Sorry that my question was not clear enough.  Do you have evidence, that this naming enhances discoverability, and that this enhanced discoverability would be worthwhile, since it comes with a cost (as outlined above)?

 

Wouldn't people in the python world who need a serious amount of math know of sage anyway,

What is a "serious" amount of math?

You know it when you see it.  What I mean is, roughly, that it certainly does not make sense to use sage as a package if you need a few graph algorithms (like shortest paths or some such), because then you'd be better served with using a specialised library or perhaps copy the code and adapt it. You might want to use sage as a package, if you want to do serious enumeration of arbitrary combinatorial objects.  But then you will need gap, symmetrica, nauty and maxima or fricas anyway.

 

and then, if they cannot rely on all of sage because that is too large, use, for example, `citation.get_systems` to see whether they can do without some dependencies?

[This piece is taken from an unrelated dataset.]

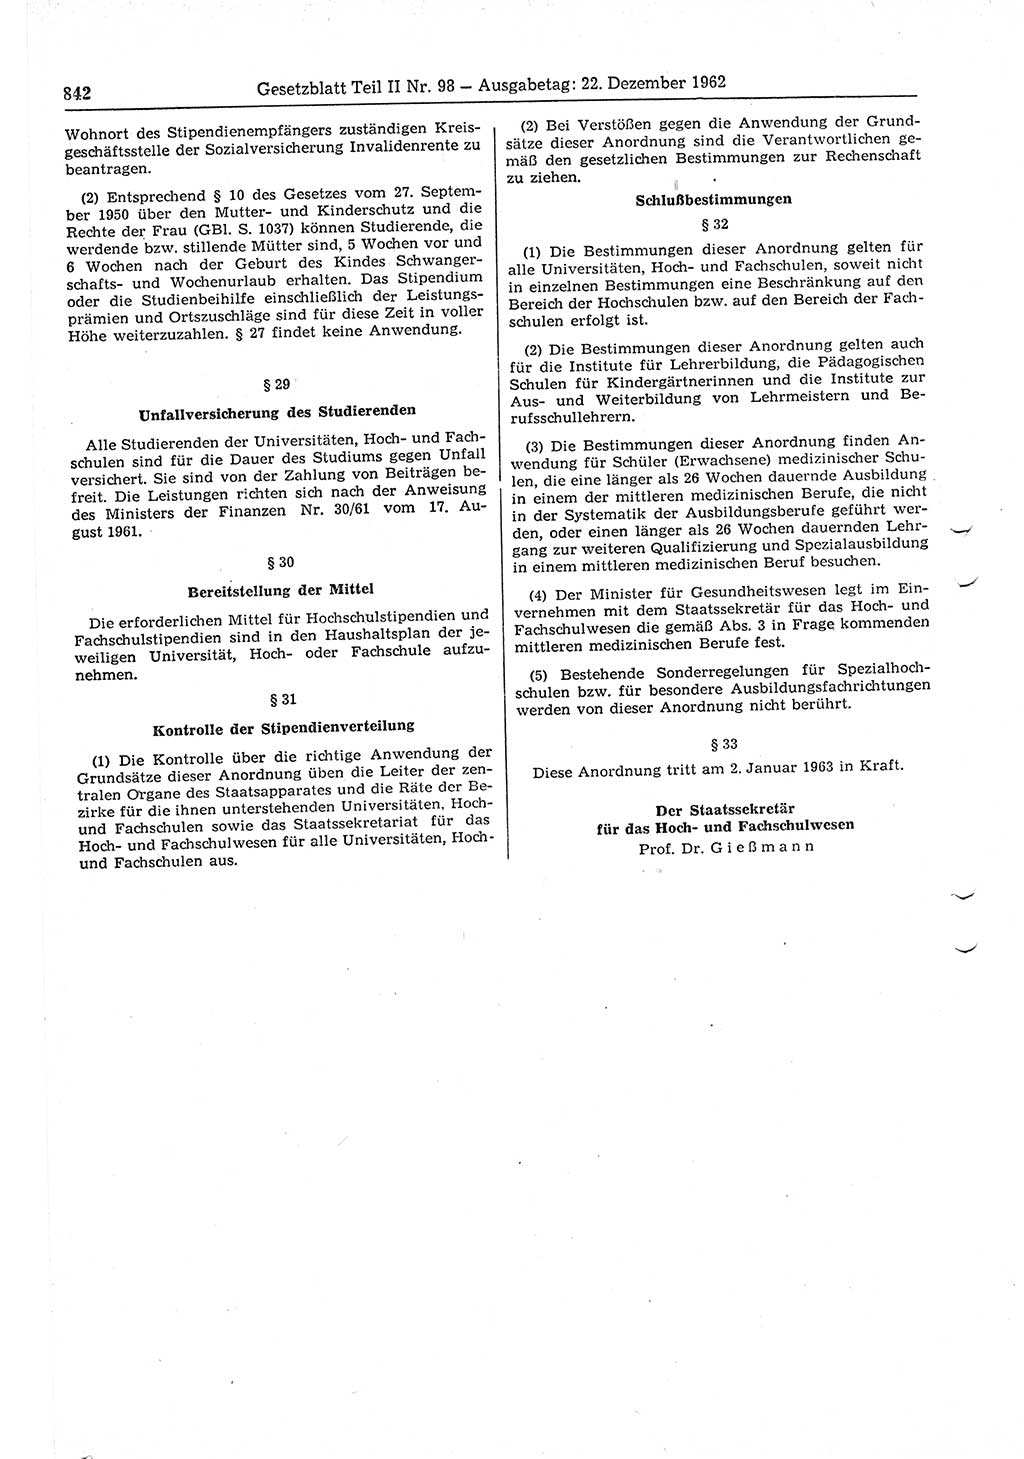 Gesetzblatt (GBl.) der Deutschen Demokratischen Republik (DDR) Teil ⅠⅠ 1962, Seite 842 (GBl. DDR ⅠⅠ 1962, S. 842)
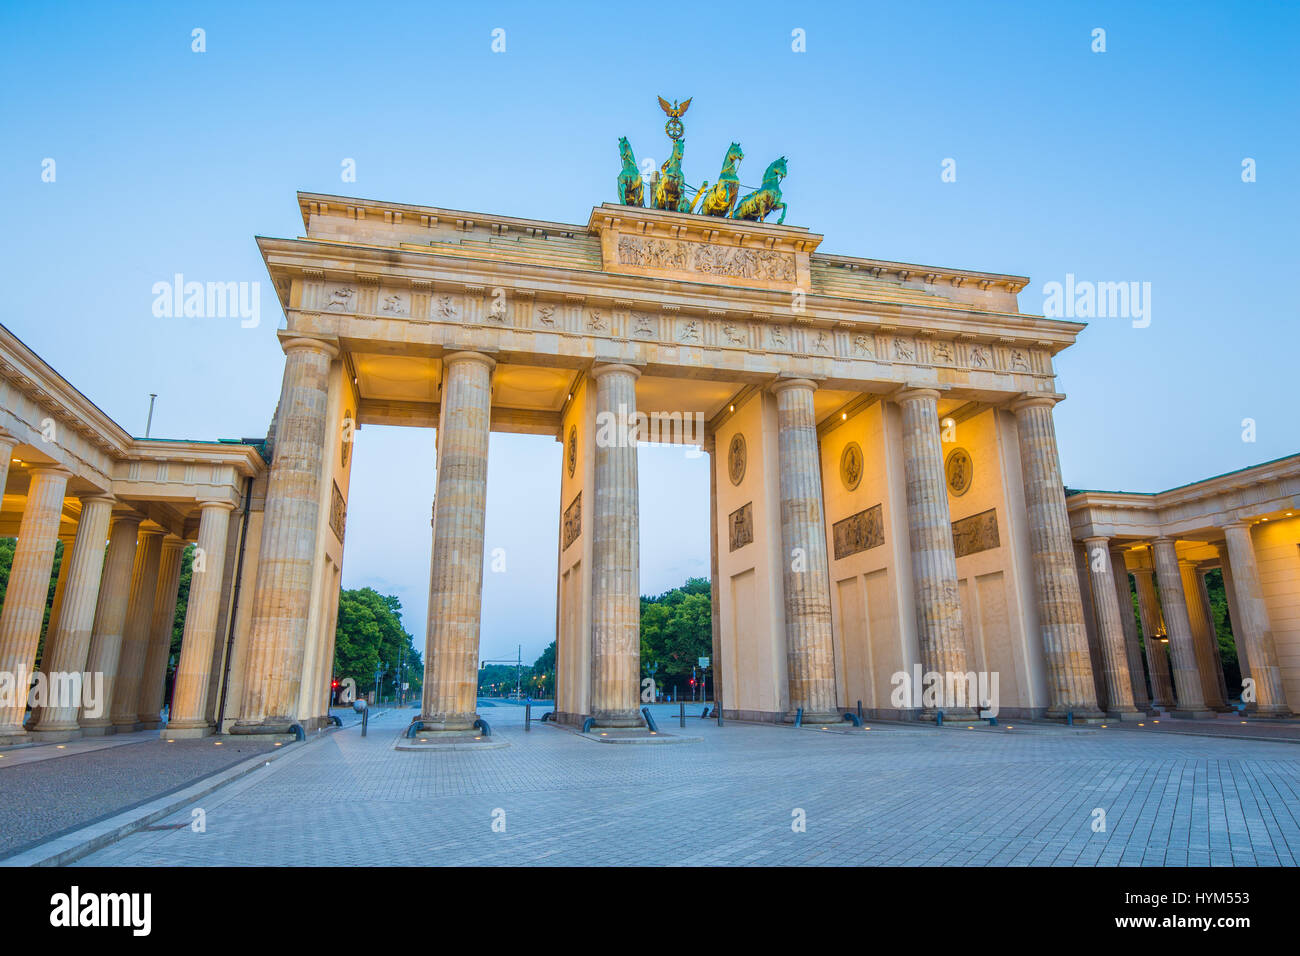 La vue classique du célèbre Brandenburger Tor (Porte de Brandebourg), l'un des plus célèbres monuments et symboles nationaux de l'Allemagne, au crépuscule pendant blue Banque D'Images

What do you mean by, "whether they can do without some dependencies"?

 

That's exactly the point of the modularization: 

- To enable people to use parts of Sage without some [actually, most!] of the dependencies.

The only point I am critical of is the splitting of the math library into arbitrary pseudo-mathematical parts (i.e., sage-combinat ... sage-symbolics, as listed above), which has nothing to do with dependencies.

 

[...] I admit, however, that I cannot really think of any serious use of any of the functionality of sage outside of math, where people would know that what they need is, say combinatorics or graph theory.

What do you mean by "outside of math"?

I agree that my terminology is not good.  I tried to make a distinction between research involving math and the - to me unknown - rest.  I find it hard to imagine that any mathematician would bother installing anything else but all of sage.  So, maybe I should have written: "I cannot think of .... sage in an environment, where dependencies are show-stopper, ...".

  I guess it would be quite insane to install sage or parts of sage to get an implementation of a particular algorithm in a non-math environment.

Yes, "quite insane" would be a good description of doing this (reusing what is implemented in Sage) with the status quo, the monolithic Sage.

That's exactly the point. 

- From the viewpoint of users: It just makes no sense to use a small part of Sage: Because of space and time and friction (and limited portability).

However, it *does* make sense to copy small parts of sage.  If I need an implementation of some combinatorial algorithm, chances are extremely good that I can simply use ?? to go to the code, and copy the relevant part.

 

- From the viewpoint of contributors of new code that could be reused: It just makes no sense to trap it in Sage, where it cannot be reused sanely.

 

I doubt this.  Do you have any evidence for that?

Modularization makes it at least "less insane", or perhaps "kind of acceptable", or sometimes even "reasonable".

Any of these degrees of improvement of "sanity" would already be a win.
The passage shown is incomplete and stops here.